Dataset content Block Start

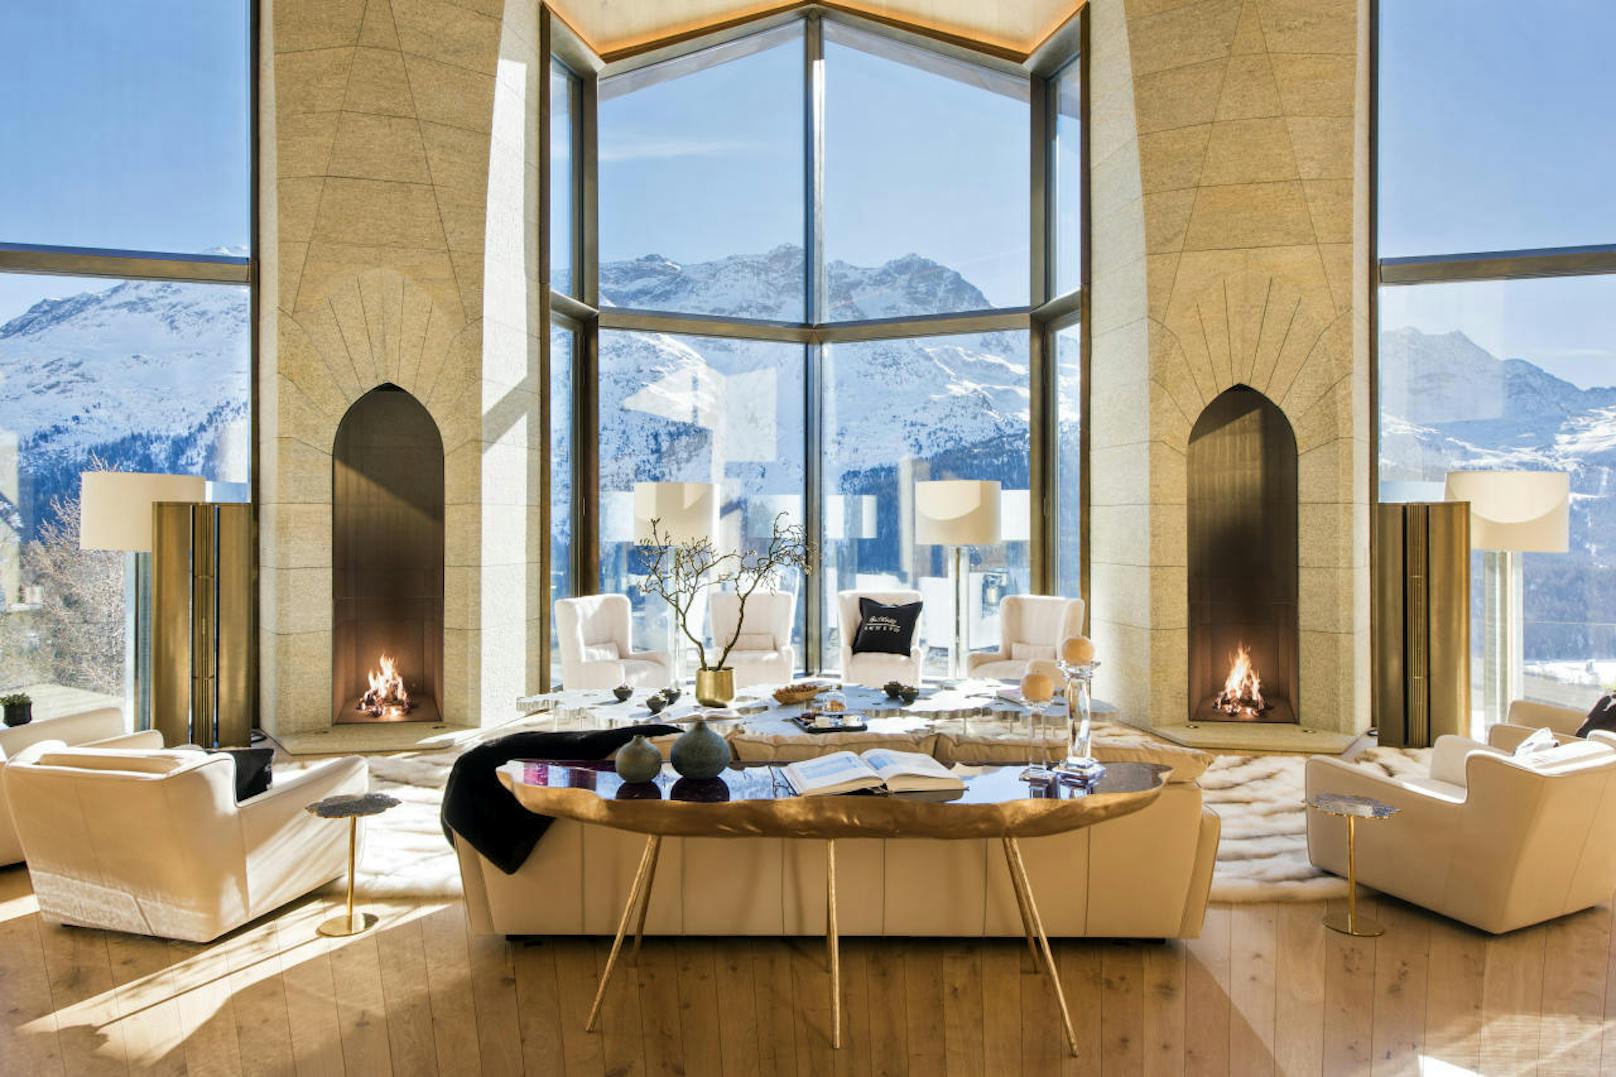 Die elf Meter hohen Fenster im Eingangsbereich bieten einen fantastischen Blick auf die Alpen.
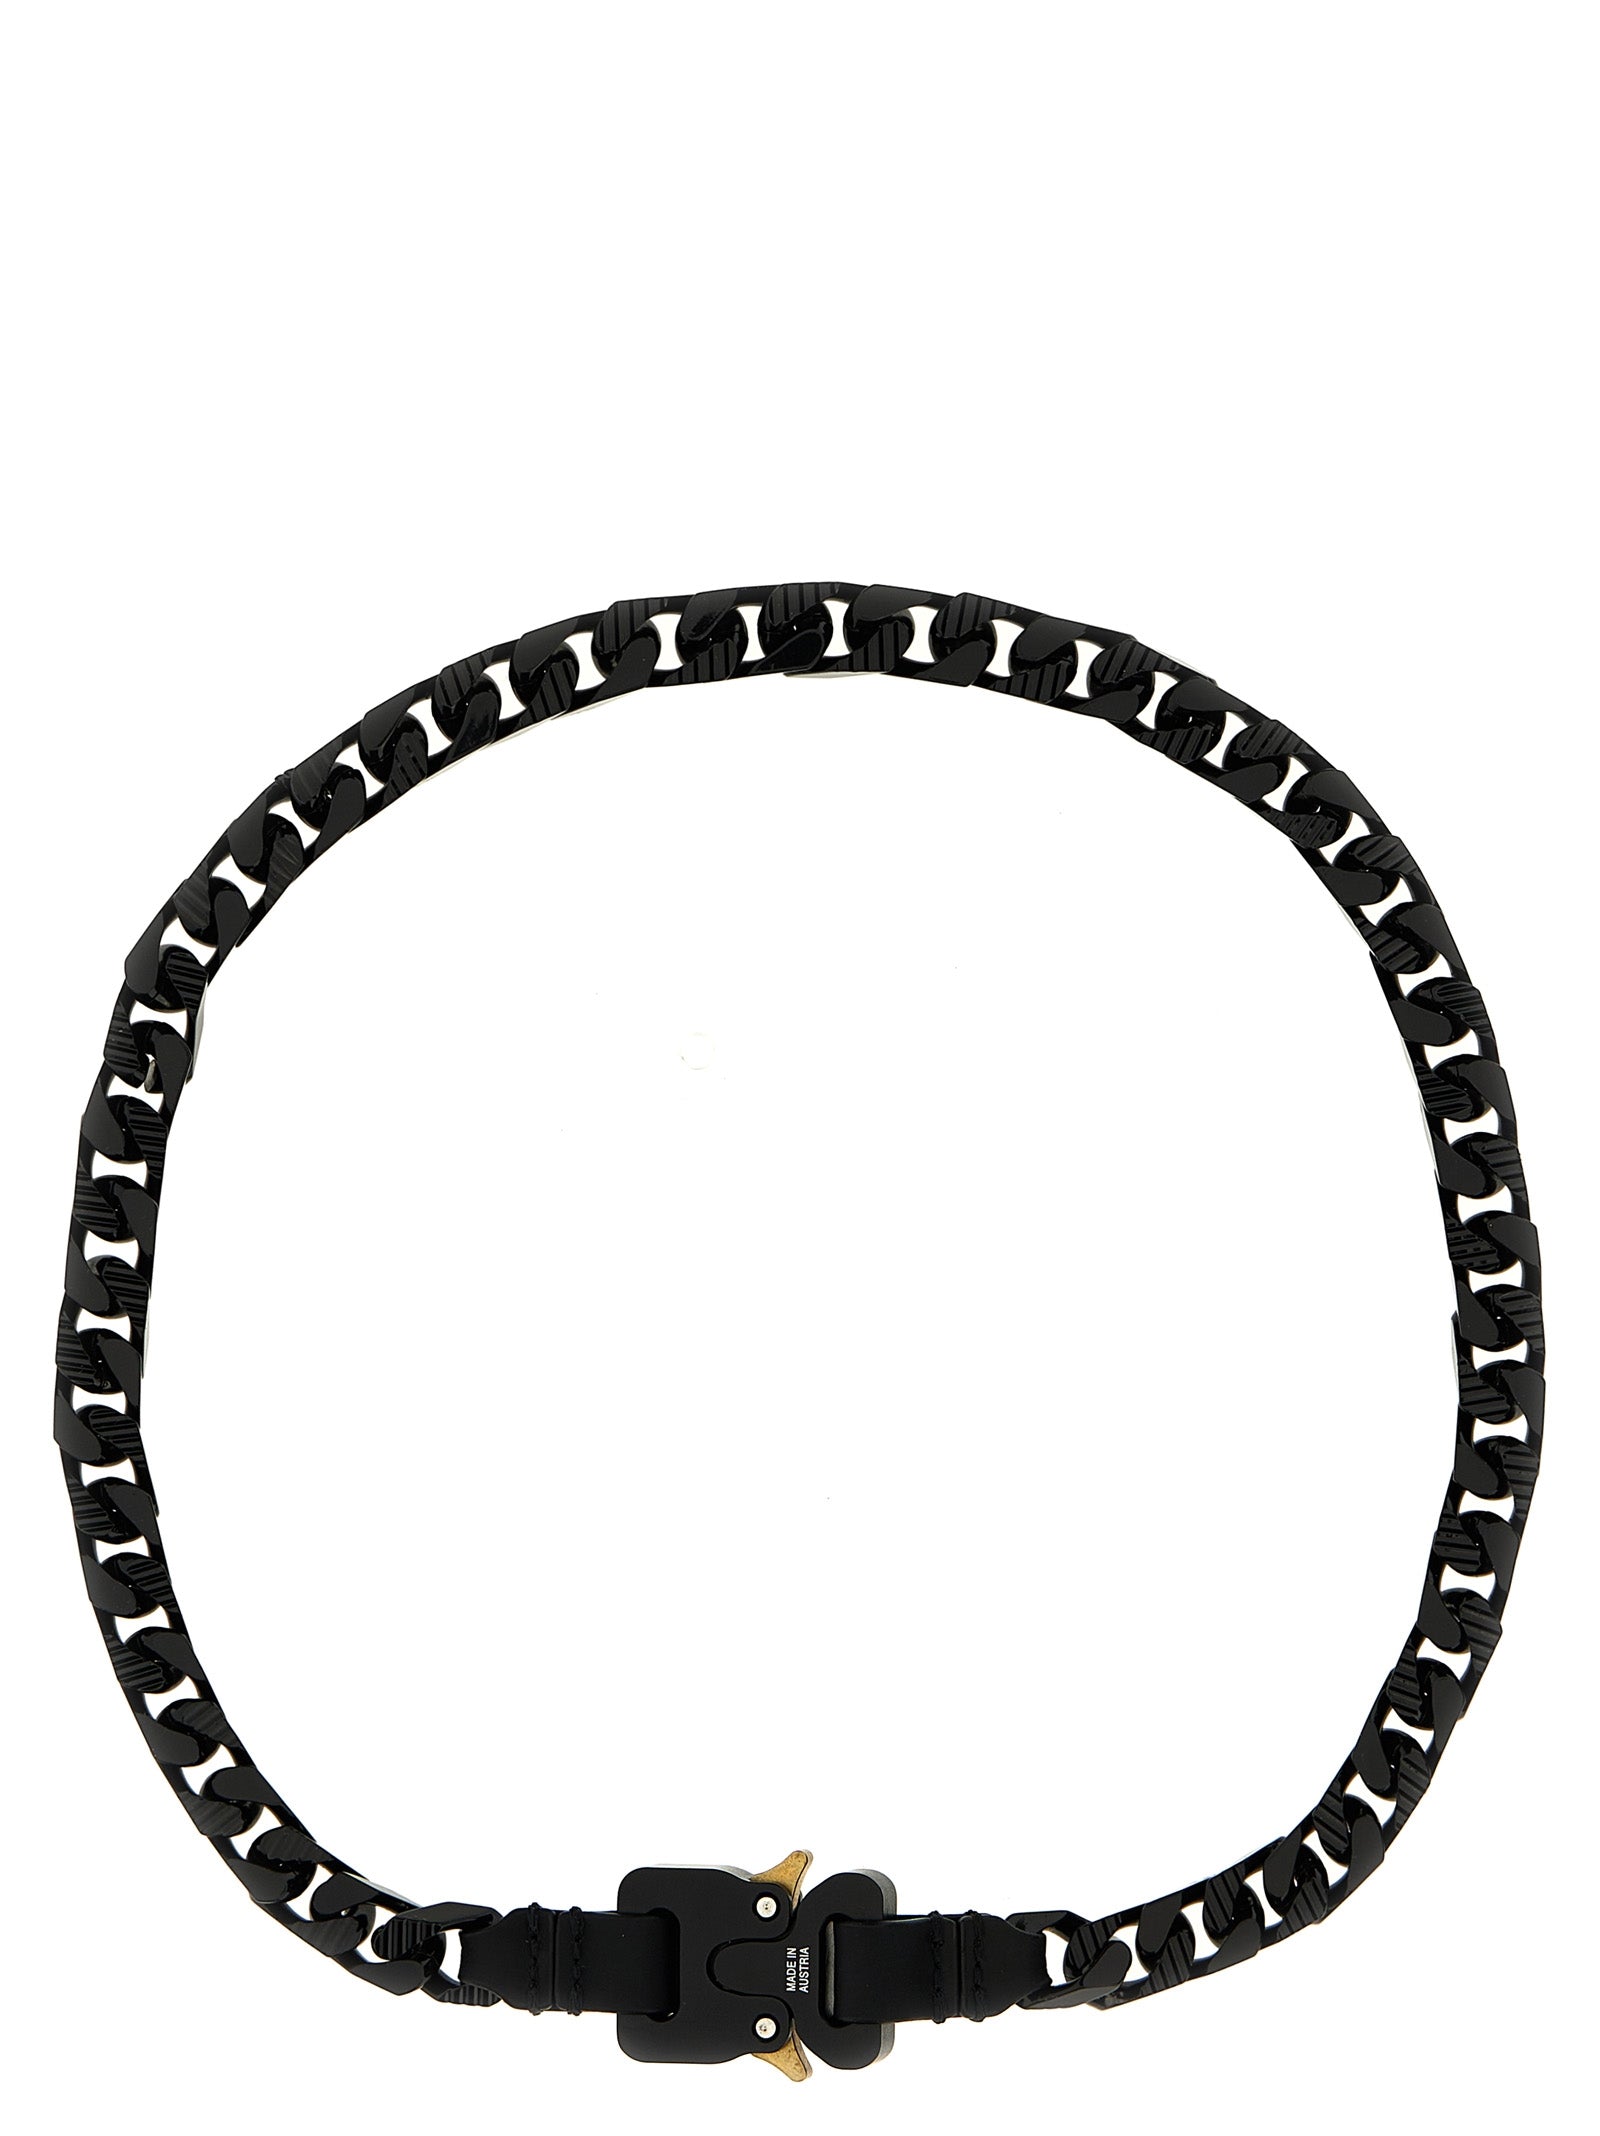 Shop 1017 Alyx 9 Sm Colored Chain Jewelry Black
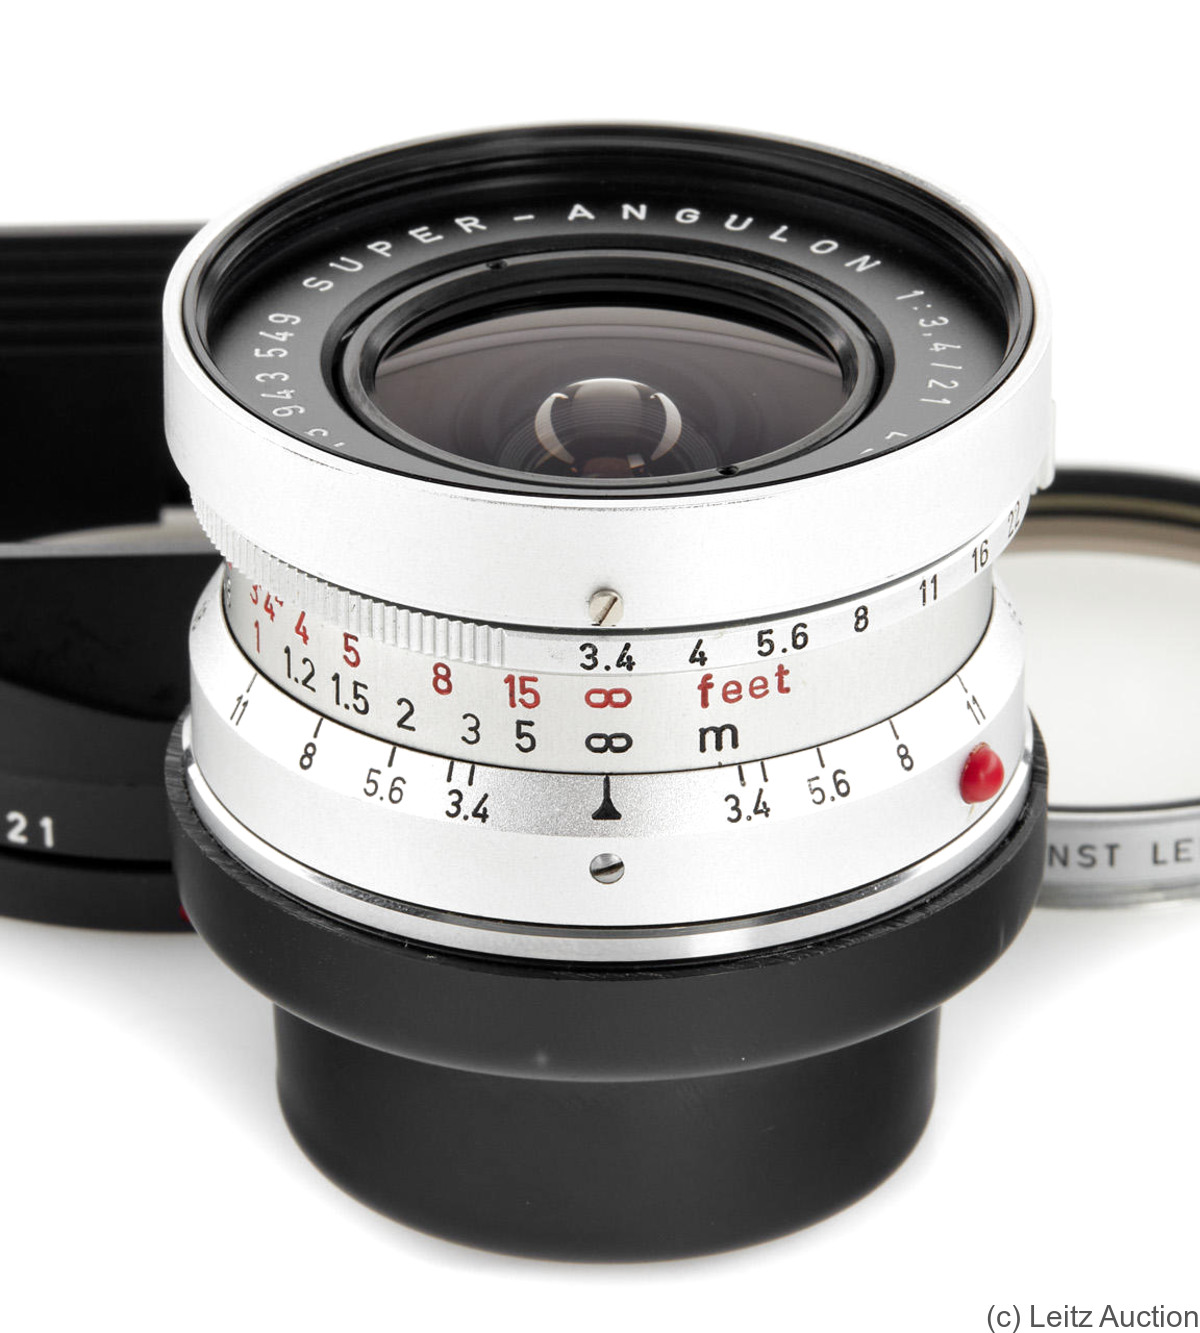 Leitz: 21mm (2.1cm) f3.4 Super-Angulon (BM, chrome) camera

Dataset content Block End

> _To do_: The pictures in the data should be omitted, and every remaining line set down exactly.

> _Answer to this task_:
 Die elf Meter hohen Fenster im Eingangsbereich bieten einen fantastischen Blick auf die Alpen.
 Shop 1017 Alyx 9 Sm Colored Chain Jewelry Black
 Leitz: 21mm (2.1cm) f3.4 Super-Angulon (BM, chrome) camera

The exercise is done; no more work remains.